In rendering the opinions stated herein, we have examined and relied upon the following:
(a) the registration statement on Form S-1 of the Company relating to the Securities to be filed on the date hereof with the Securities and Exchange Commission (the “Commission”) under the Securities Act (such registration statement being hereinafter referred to as the “Registration Statement”);
(b) the form of Underwriting Agreement (the “Underwriting Agreement”) proposed to be entered into by and between the Company and Morgan Stanley & Co.
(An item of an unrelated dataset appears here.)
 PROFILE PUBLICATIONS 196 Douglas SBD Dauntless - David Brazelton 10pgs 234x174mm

LLC, as representative of the several underwriters named therein (the “Underwriters”) relating to the sale by the Company to the Underwriter of the SAILSM securities, filed as Exhibit 1.1 to the Registration Statement;
(c) the form of SAILSM security certificate to be used to evidence the SAILSM securities, filed as Exhibit 4.1 to the Registration Statement (the “SAILSM Security Certificate”);
(d) the form of Warrant certificate, filed as Exhibit 4.3 to the Registration Statement (the “Warrant Certificate”); and
(e) the form of Warrant Agreement proposed to be entered into by and between the Company and Continental Stock Transfer & Trust Company, a New York corporation (“CST”), as warrant agent, filed as Exhibit 4.4 to the Registration Statement (the “Warrant Agreement”).
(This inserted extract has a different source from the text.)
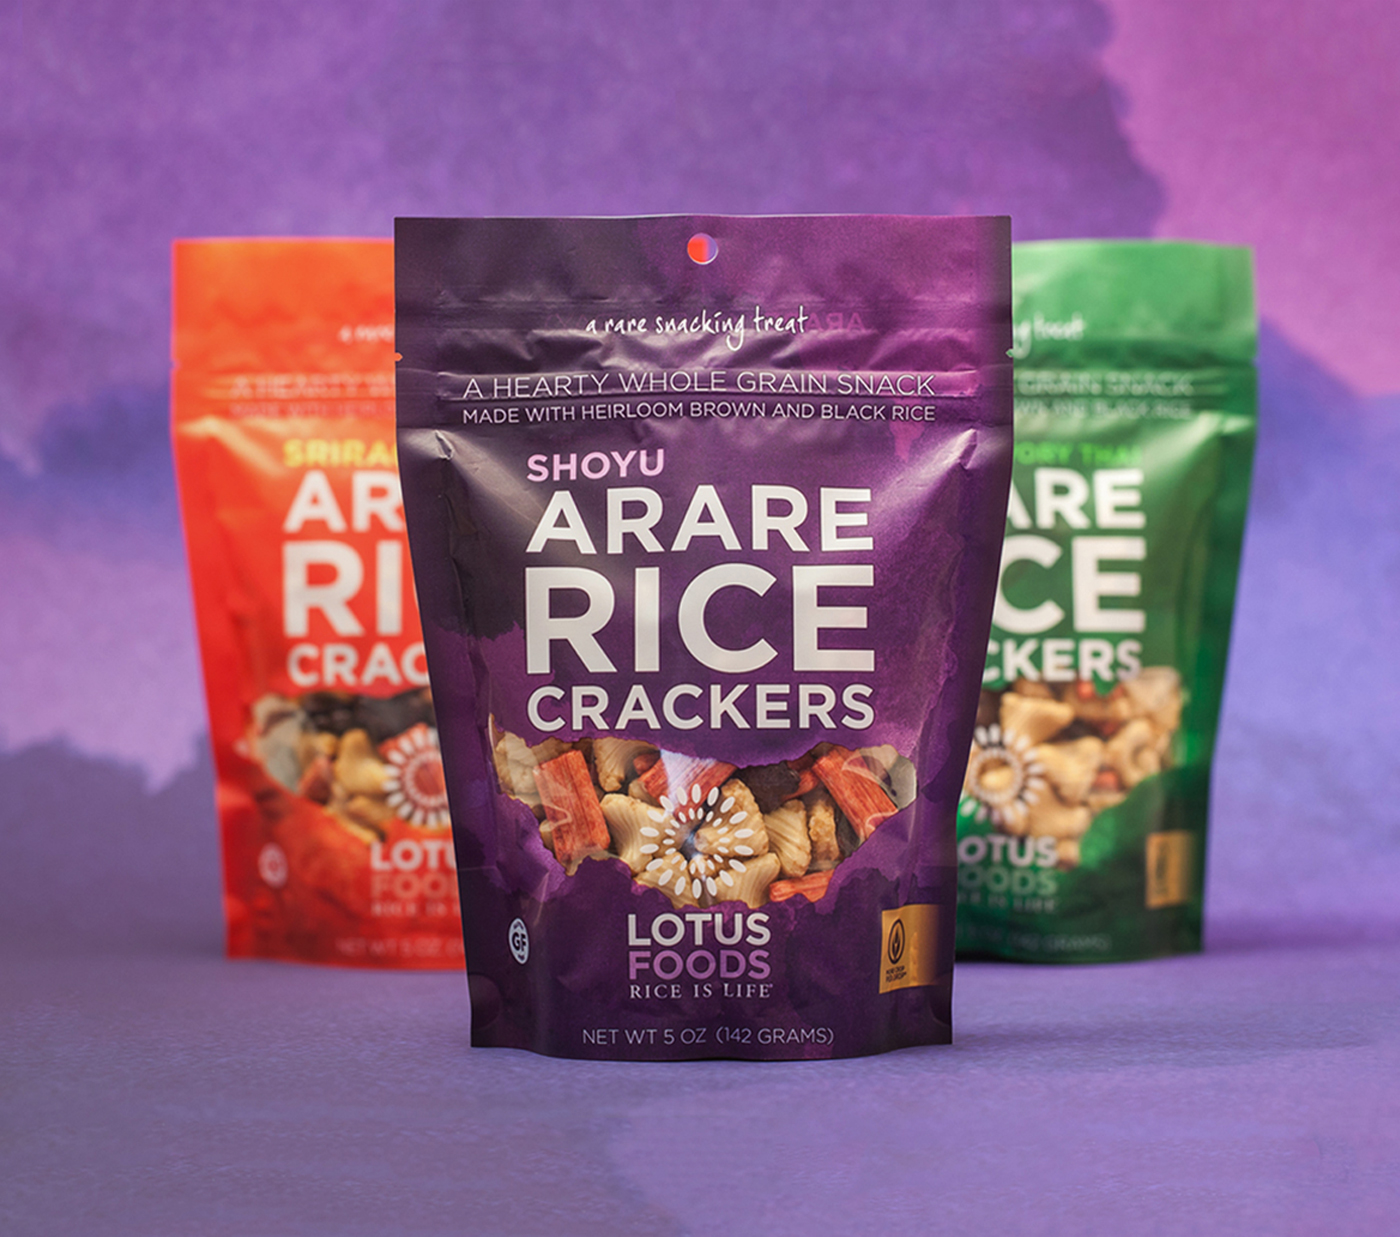 Lotus Foods Arare Rice Crackers Packaging

We have also examined originals or copies, certified or otherwise identified to our satisfaction, of such records of the Company and such agreements, certificates and receipts of public officials, certificates of officers or other representatives of the Company and others, and such other documents as we have deemed necessary or appropriate as a basis for the opinions stated below.
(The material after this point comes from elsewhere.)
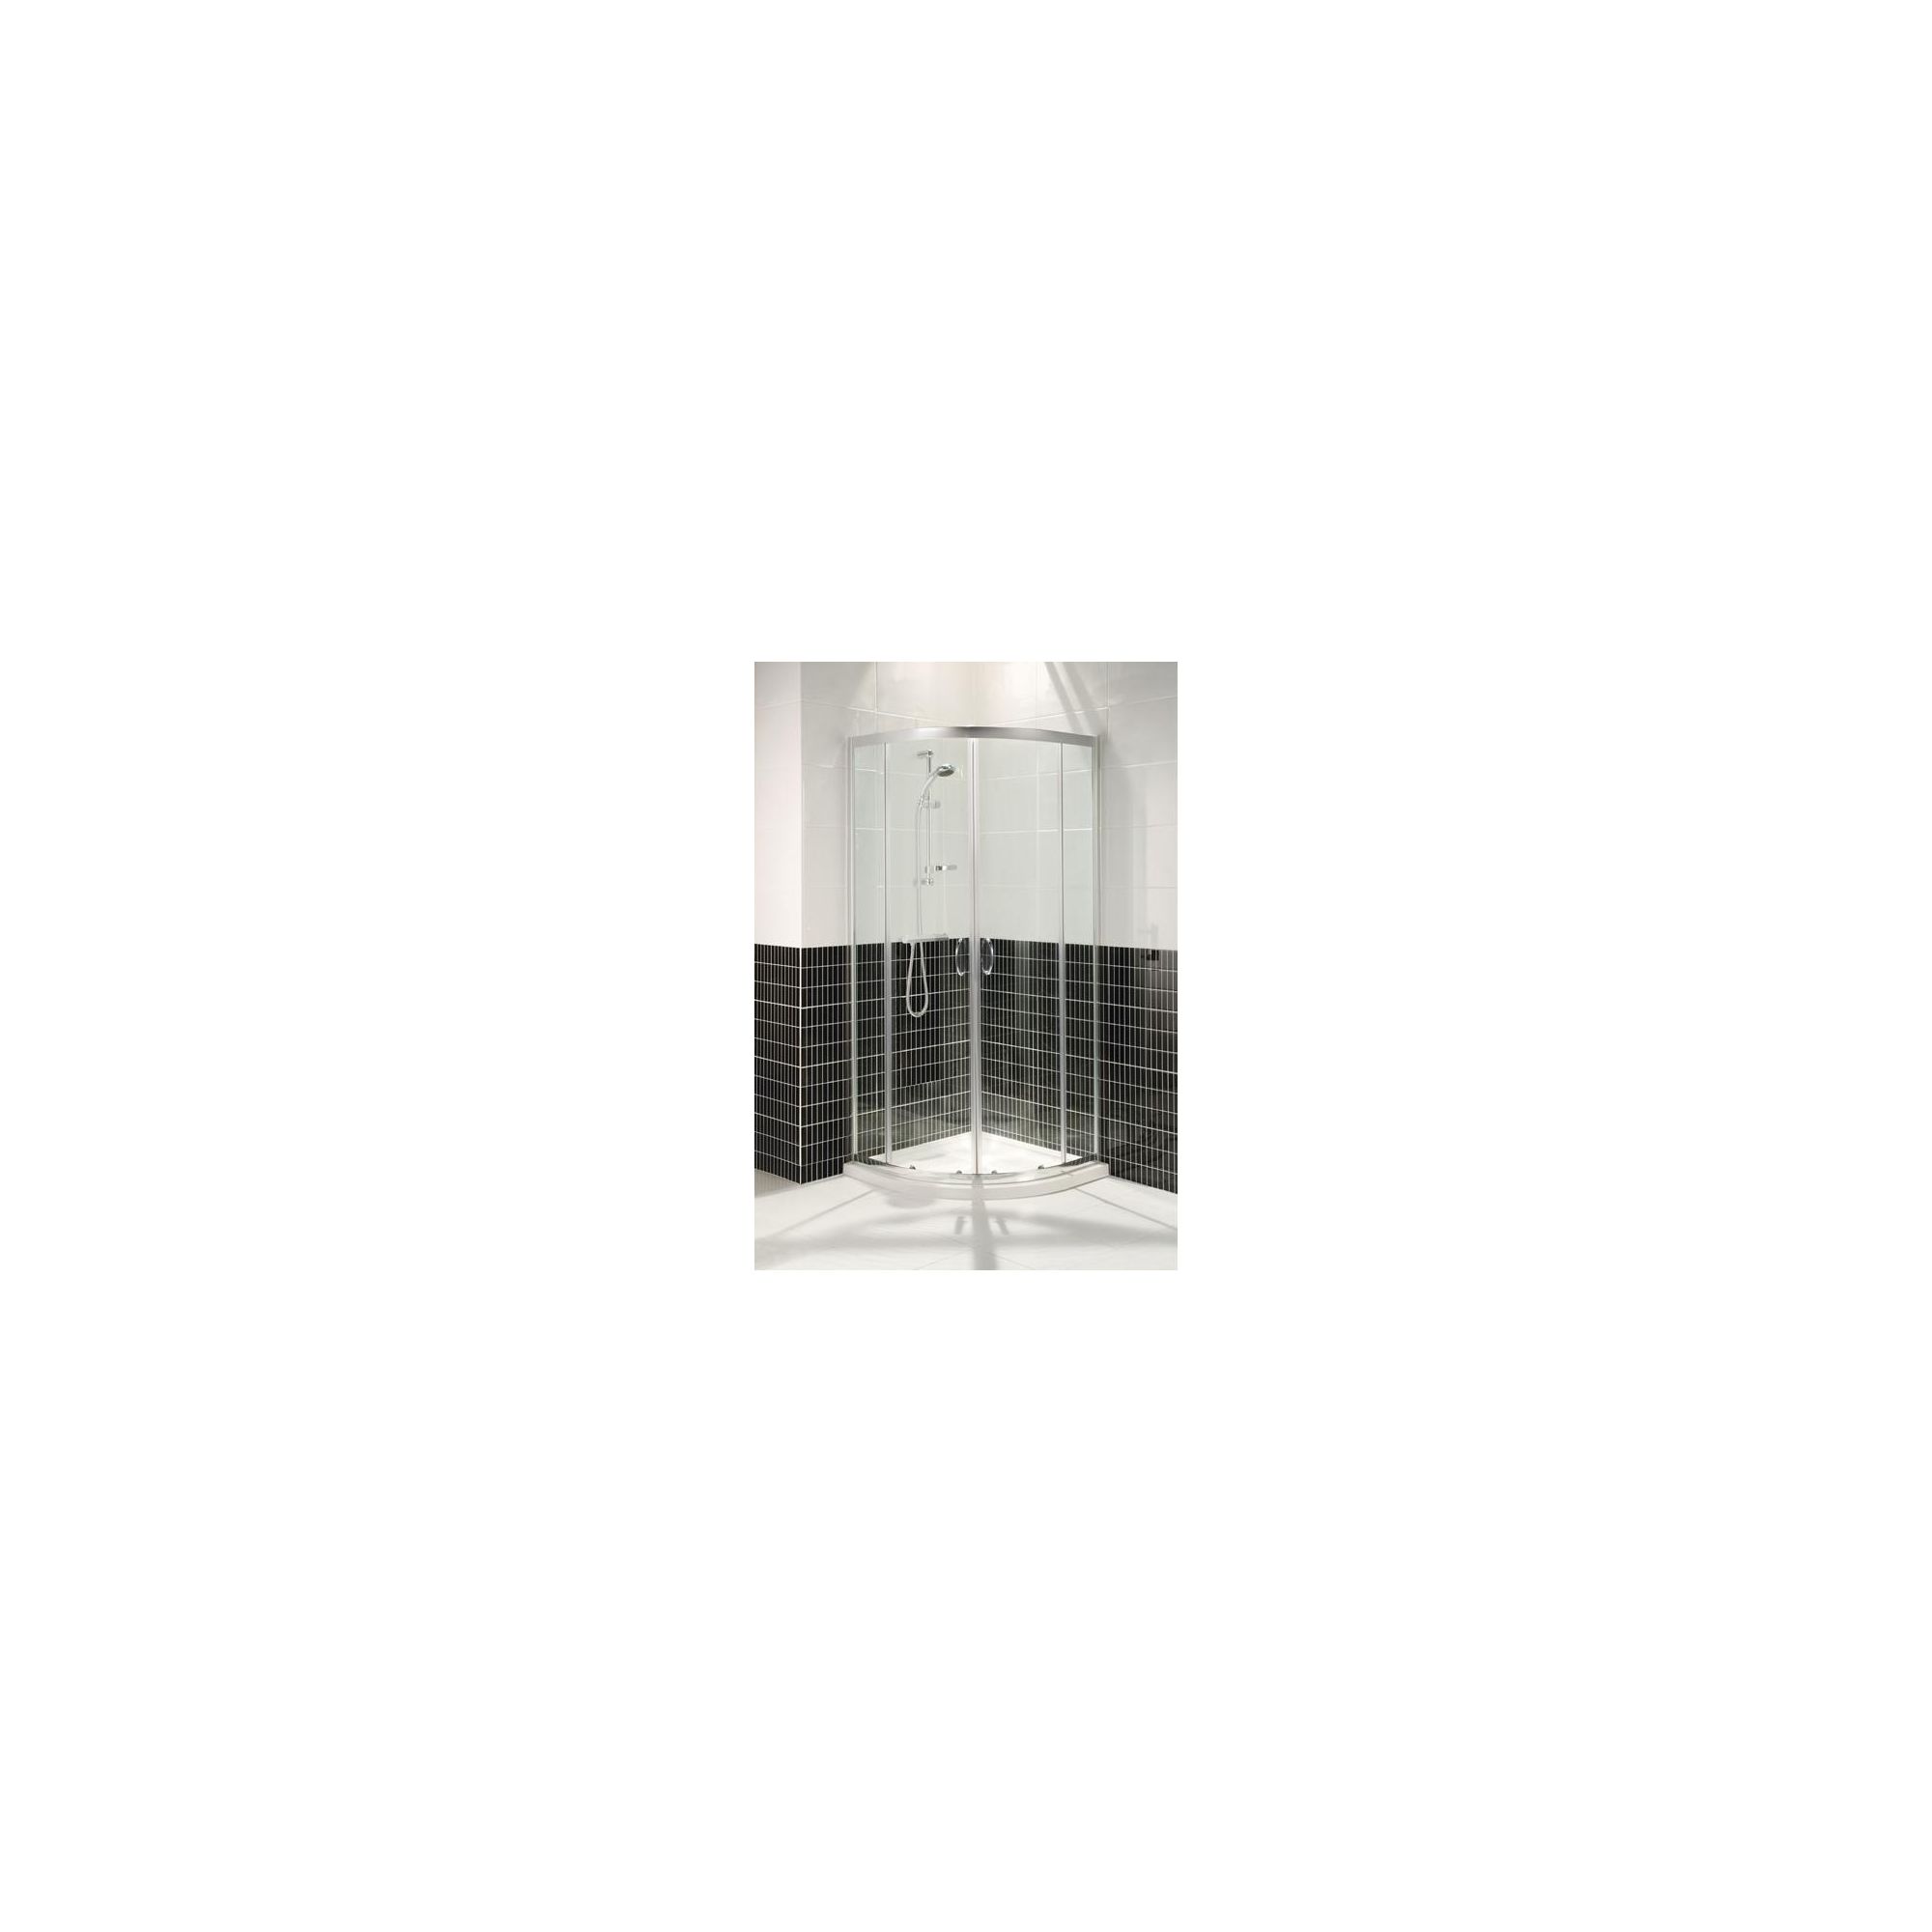 Balterley Semi-Frameless Quadrant Shower Enclosure, 900mm x 900mm, Low Profile Tray, 6mm Glass at Tesco Direct

In our examination, we have assumed the genuineness of all signatures, including electronic signatures, the legal capacity and competency of all natural persons, the authenticity of all documents submitted to us as originals, the conformity to original documents of all documents submitted to us as facsimile, electronic, certified or photocopied copies, and the authenticity of the originals of such copies. As to any facts relevant to the opinions stated herein that we did not independently establish or verify, we have relied upon statements and representations of officers and other representatives of the Company and others and of public officials.
We do not express any opinion with respect to the laws of any jurisdiction other than the laws of the State of New York (the “Opined-on Law”).
As used herein, “Transaction Documents” means the Underwriting Agreement, the SAILSM Security Certificate, the Warrant Certificate and the Warrant Agreement.